The external borders of the European Union registered more than 120,000 cases of pushback by national authorities against irregular migrants in 2024, according to a new report by a group of nine human rights organizations.
The report, released on Monday morning, lays bare the extent of the pushbacks in Europe, the illegal practice of expelling migrants to prevent access to the asylum procedure, a right enshrined in both EU and international law.
By collecting data from government services, NGOs and research groups, the coalition concluded that last year "at least" 120,457 pushbacks had taken place, meaning migrants were removed from national territory without being able to submit their application for international protection and having an individual assessment.
The removal was "often" done with violence, the report notes, with asylum seekers being beaten by border guards, abandoned at sea or left dying of cold in the forest.
The total number of 120,457 refers to pushbacks from EU countries towards non-EU countries, excluding incidents between member states. (Migrants who were pushed back on different occasions were counted separately.)
Bulgaria leads the 2024 ranking, with 52,534 pushbacks towards Turkey. Frontex, the EU's border agency, is said to be "kept away" from areas where pushbacks are alleged to take place, limiting the effectiveness of its Fundamental Rights Officer.
Bulgaria is followed by Greece (14,482), Poland (13,600), Hungary (5,713), Latvia (5,388), Croatia (1,905) and Lithuania (1,002).
The study also covered Libya (21,762) and Lebanon (3,768) because the interceptions (or, more precisely, "pullbacks") carried out by these nations were done with "direct and extensive" support from Italy, Cyprus and the EU institutions.
In May 2024, European Commission President Ursula von der Leyen travelled to Beirut to announce €1 billion in assistance for Lebanon to manage the flows of irregular migration and sustain the economy of the crisis-stricken country.
Pushbacks have long been a recurrent topic of contention in the bloc, particularly after the 2015-2016 migration crisis, and have fuelled continued criticism against border guards, prompting internal investigations, media revelations and lawsuits.
"The number of pushbacks at Europe's external borders has risen sharply in recent years, to the extent that they have become a systematic practice within EU migration policy," the report says in its preface.
"The ongoing reports of pushbacks indicate a systematic failure on behalf of the EU to enforce respect for one of the most fundamental human rights."

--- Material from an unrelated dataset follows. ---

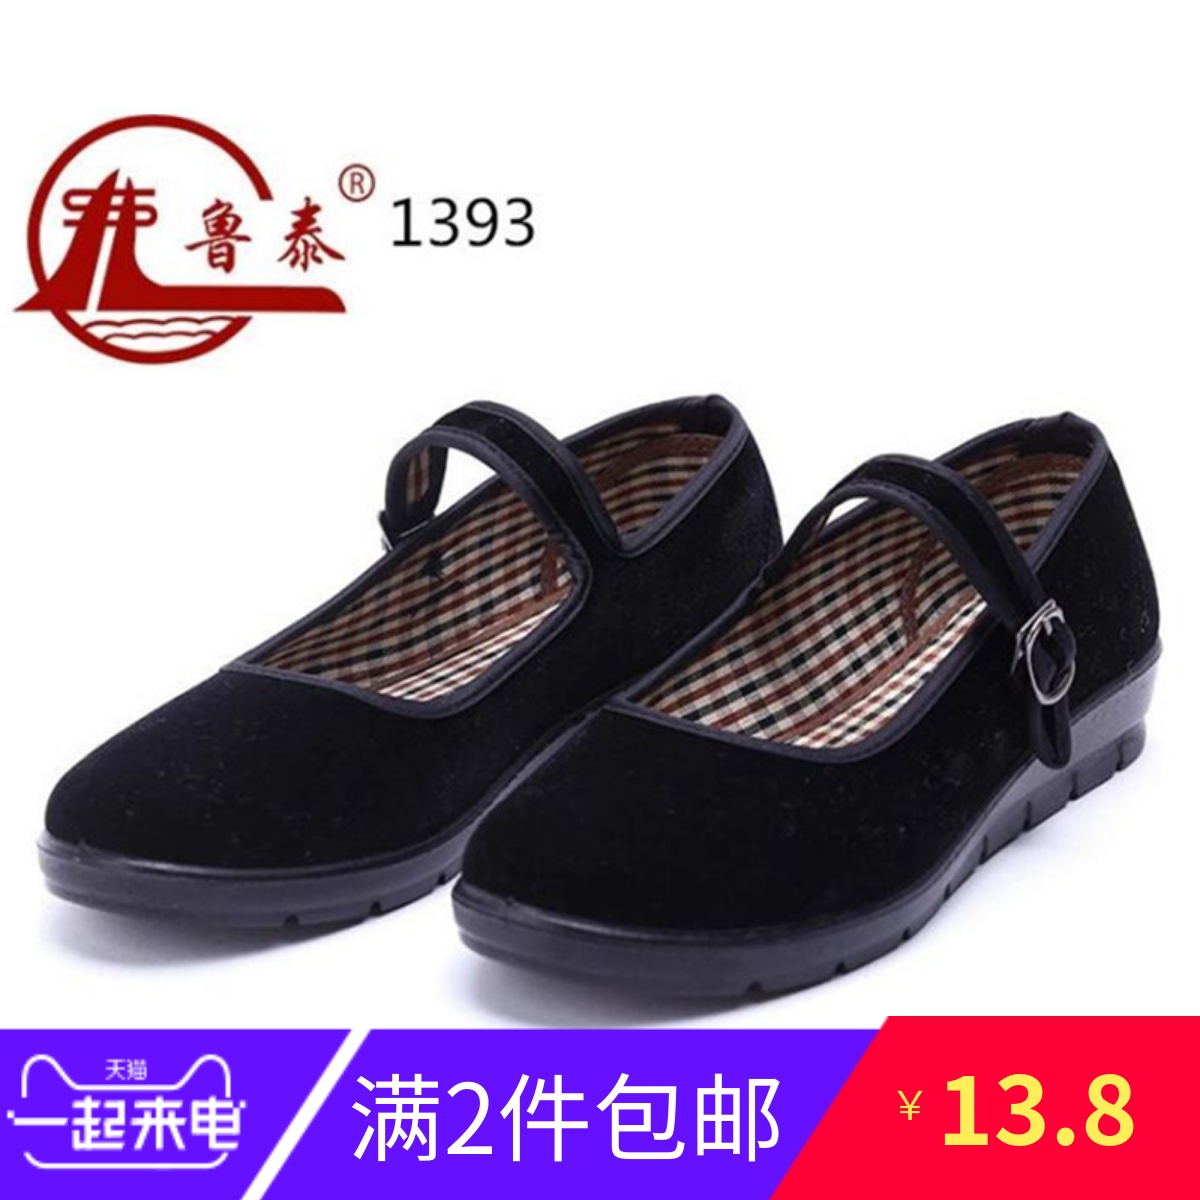 老北京布鞋工作单鞋女平底坡跟松糕一字带酒店上班礼仪舞蹈黑布鞋

A similar language was used by the European Court of Human Rights (ECHR), which last month found Grece guilty of conducting "systematic" pushbacks against asylum seekers.
Last week, the Strasbourg-based court began hearing three cases against Poland, Latvia and Lithuania over allegations of pushbacks to Belarus, marking the first time the ECHR examined a case related to the instrumentalisation of migration.
The EU has accused Belarusian President Aleksander Lukashenko of deliberately luring in migrants from faraway countries to Minsk and guiding them towards Eastern Europe in an attempt to sow chaos and polarise societies. In response to Lukashenko's schemes, Poland has prepared new legislation to suspend the right to asylum temporarily.
After initially criticising the Polish plan, the European Commission eventually relented and published guidelines to enable the suspension of fundamental rights in "exceptional situations," such as instrumentalisation by foreign actors. The exemption will also apply to Finland, which has approved emergency legislation legalising pushbacks.
NGOs have raised the alarm about the progressive "securitisation" of migration, warning that migrants have the right to access the asylum procedure whether they travel to Europe of their own volition or as pawns in a geopolitical game.
In a statement to Euronews, a spokesperson of the Polish Ministry of Interior said border guards are "entitled to use means of physical coercion and firearms" when faced with attacks against their physical integrity and the "inviolability of the state border."
The Ministry says migrants instrumentalised by Belarus have become increasingly equipped with dangerous tools and "aggressive" in their behaviour. Last year, a Polish soldier died after being stabbed by a migrant at the border with Belarus.
"Orchestrated migration is a process that neither international law nor Polish law could have foreseen," the spokesperson said.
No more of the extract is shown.